§ EXERCISE
Look below for the line with "Method, system and"; begin the copy there and stop after the line with "Steren 308-707SL 7'", keeping the text exact and the pictures out.

START DATA UNDER STUDY

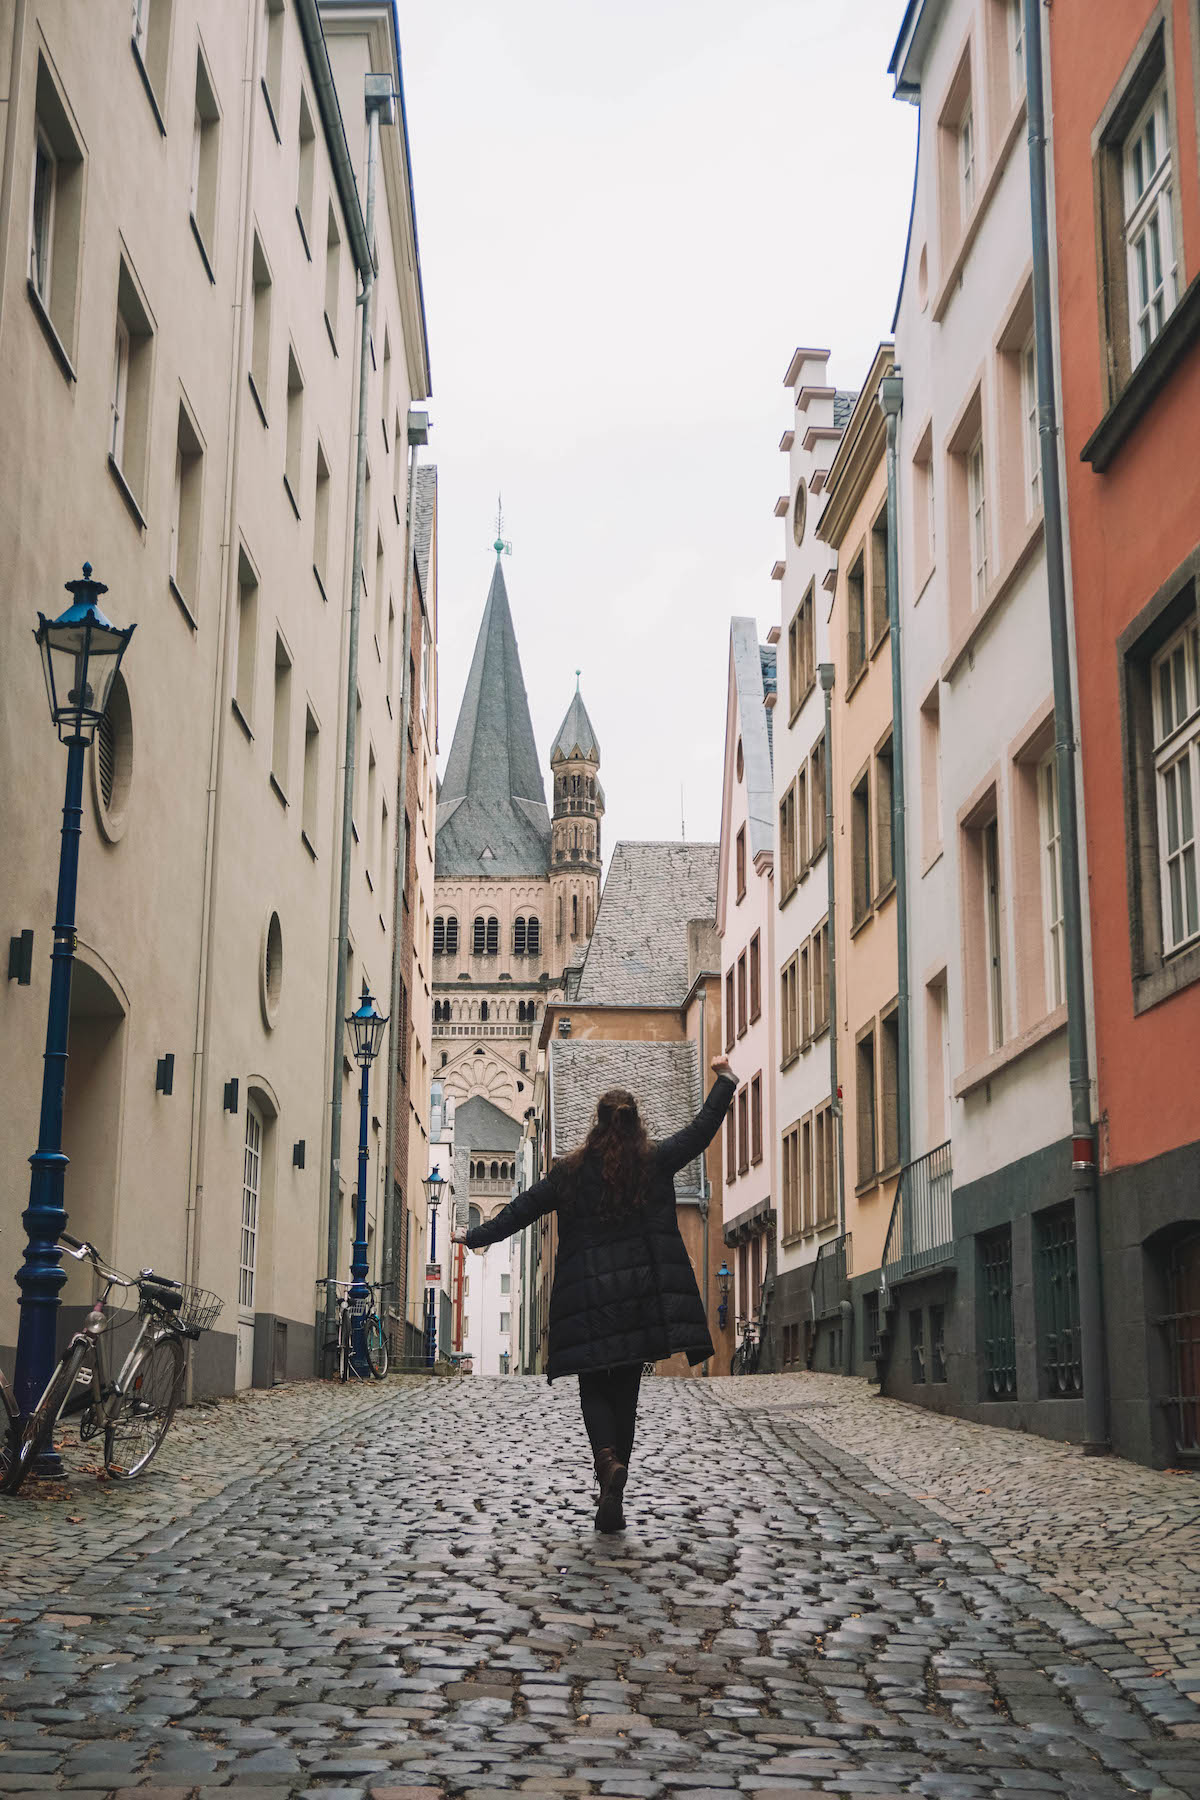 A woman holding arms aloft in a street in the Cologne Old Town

END DATA UNDER STUDY
START DATA UNDER STUDY

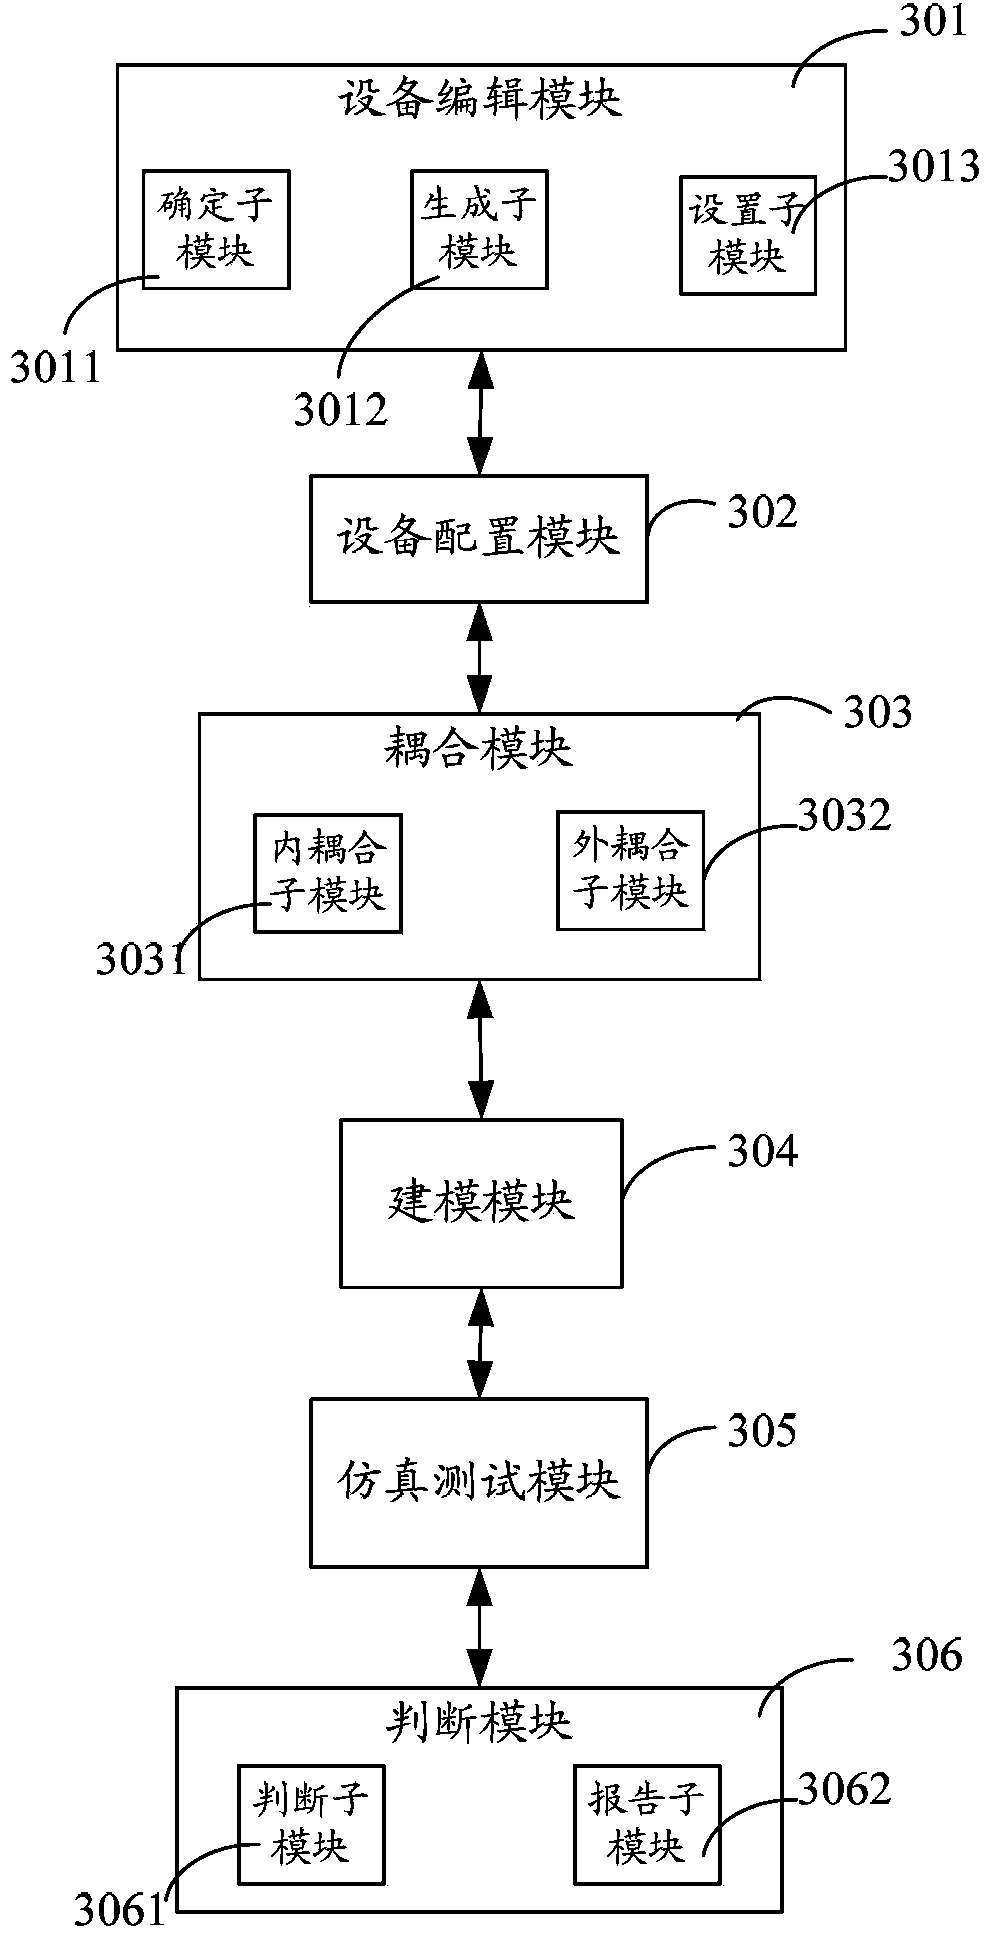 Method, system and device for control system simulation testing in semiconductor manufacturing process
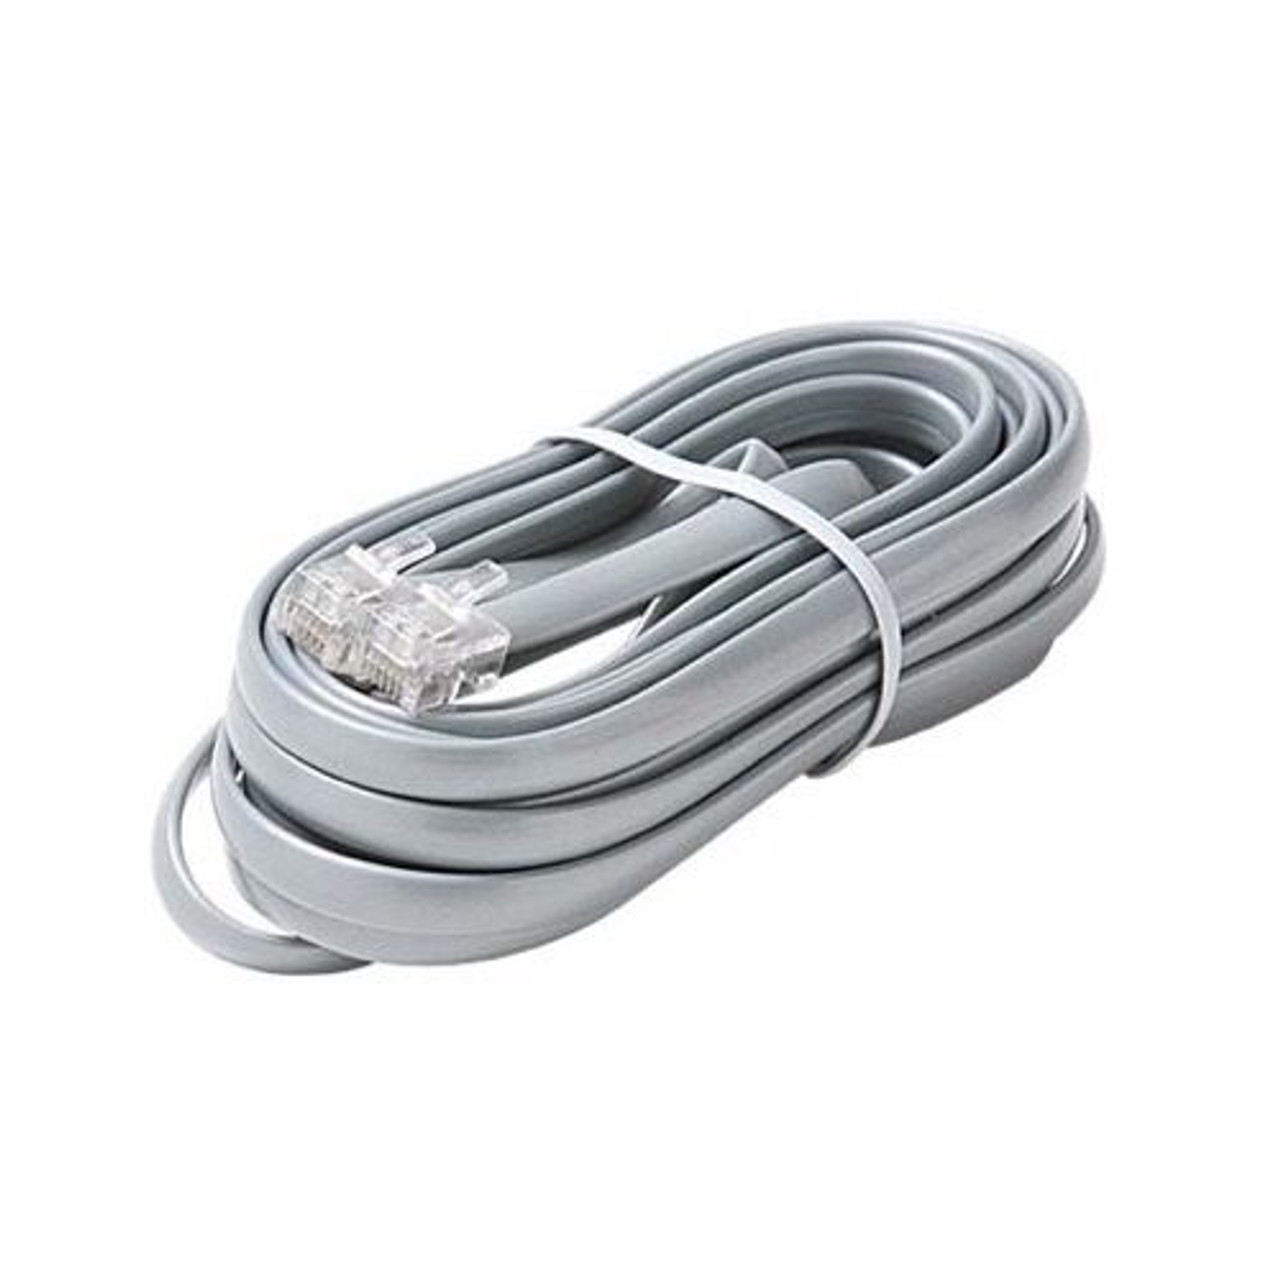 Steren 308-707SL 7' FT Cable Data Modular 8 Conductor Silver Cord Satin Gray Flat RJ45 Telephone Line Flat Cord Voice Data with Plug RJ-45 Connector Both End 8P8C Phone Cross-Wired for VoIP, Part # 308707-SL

END DATA UNDER STUDY

§ TASK RESPONSE
 Method, system and device for control system simulation testing in semiconductor manufacturing process
 Steren 308-707SL 7' FT Cable Data Modular 8 Conductor Silver Cord Satin Gray Flat RJ45 Telephone Line Flat Cord Voice Data with Plug RJ-45 Connector Both End 8P8C Phone Cross-Wired for VoIP, Part # 308707-SL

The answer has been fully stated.